母が機嫌のいい日は、屋敷の雰囲気もよくなるのだ。
気にしているつもりはなくても、ロザリアとっては無意識に母の機嫌をとるのが当たり前になっていた。
飛空都市に旅立つ日、ロザリアは最後の別れに、母に手を差し出した。
もし、ロザリアが女王になれば、二度と会えないかも知れないのだ。
けれど、抱き合って涙を流すようなことは、はしたないと教えられてきたし、握手くらいしか思いつかなかった。

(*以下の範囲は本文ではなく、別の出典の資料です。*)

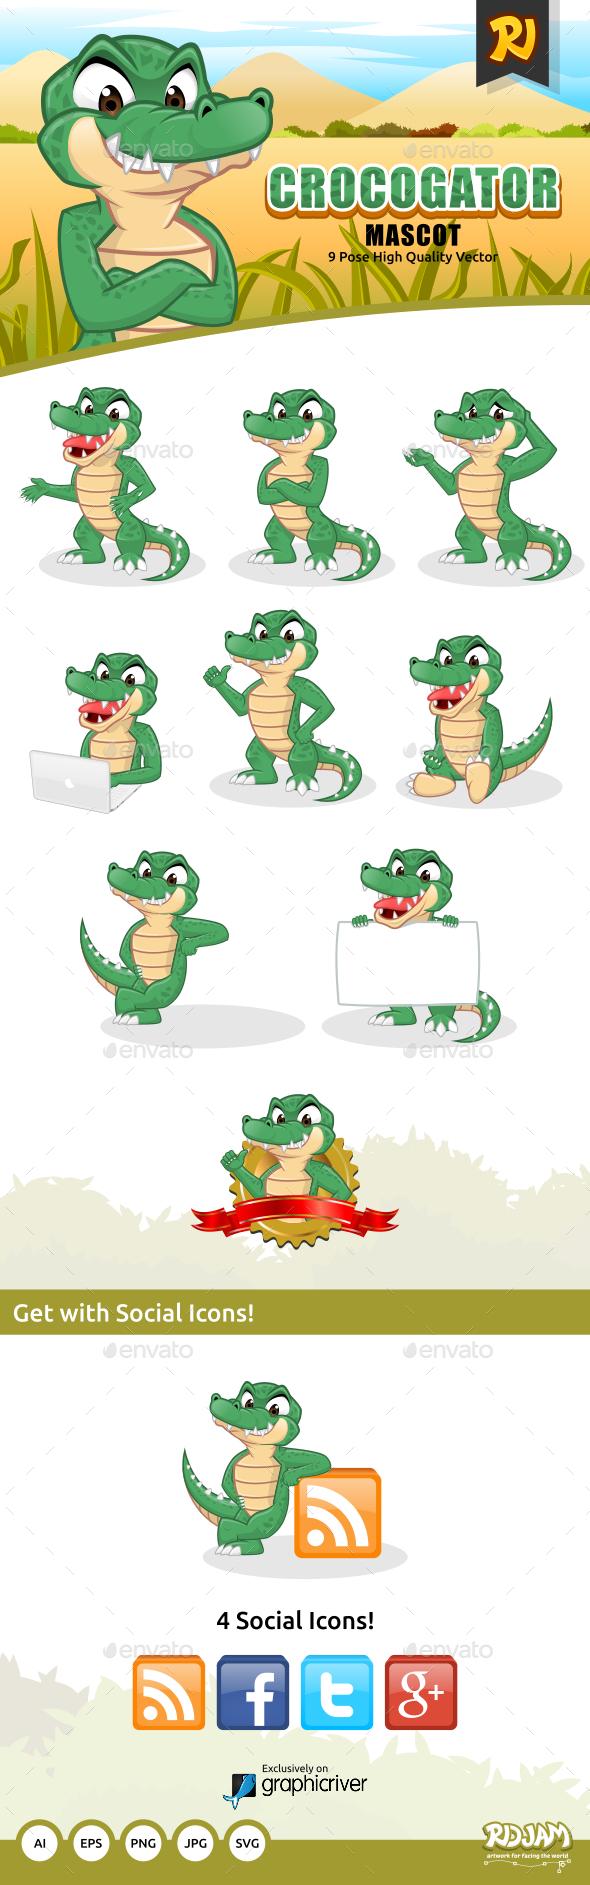 Crocogator Mascot

ロザリアはふと、母に触れるのは、いつ以来だろうと考えた。
幼い頃から、ばあやに育てられてきて、母となにかをして過ごした記憶はほとんど無い。
お稽古事は教師がいたし、学園に通うようになってからは、夕食をともにすればいい方だ。
だからこのときまで、ロザリアは忘れていた。
母はロザリアが差し出した手をちらりと一瞥した後、その場でにっこりと微笑み
「必ず女王になるのですよ。 貴女の価値はそれなのですから」
言い捨てて、くるりと背を向けた。
行き場を失い、宙に置かれたままのロザリアの手。
他の誰に触れることはできなくても、母には手を繋いで欲しかったのに。
ただ別れの挨拶をして。
ロザリアがいなくなることを、悲しんで欲しかったのに。
忘れていたのは、愛されていなかったこと。
女王の資質が現われる前、一度も話しかけてもらえなかったこと。触れてもらえなかったこと。
抱きしめられたことも、絵本を読んでもらったことも、子守歌を歌ってもらったことも、ない。
どれほどロザリアが特別な人間になっても、結局は変わらないのだ。
母も、世界も、ロザリアを受け入れてはくれない。
だから、手を触れることができないのだ。
触れて欲しくないと、彼らがロザリアを拒むから。
ロザリアのまなじりからこめかみに、一筋の涙が伝っていく。
オリヴィエは人差し指をそっと沿えると、その雫をぬぐい取った。
凜として、時に高飛車で、自信に溢れているロザリア。
その彼女の無言の涙に、オリヴィエは彼女の手をさらに強く握りしめた。
潔癖症はメンタルの問題が大きいと、ルヴァは言っていた。
だから、治療すれば治るものではないけれど、まったく治らないものでもないらしい。
握りしめた手のぬくもりは、彼女を温めているだろうか。
普段は触れることはできないけれど、今、確かに、ロザリアはオリヴィエの手を握り返してくれている。
無意識にでも求められている、と思えば、単純に嬉しい。
しばらくすると、ロザリアの呼吸が次第に穏やかに変わっていった。
どうやら深い眠りに落ちたらしい、安らかな寝顔。
手を離しても、ロザリアの手が追ってくることはなく、オリヴィエは布団の中に彼女の手を戻し、そっと部屋を立ち去った。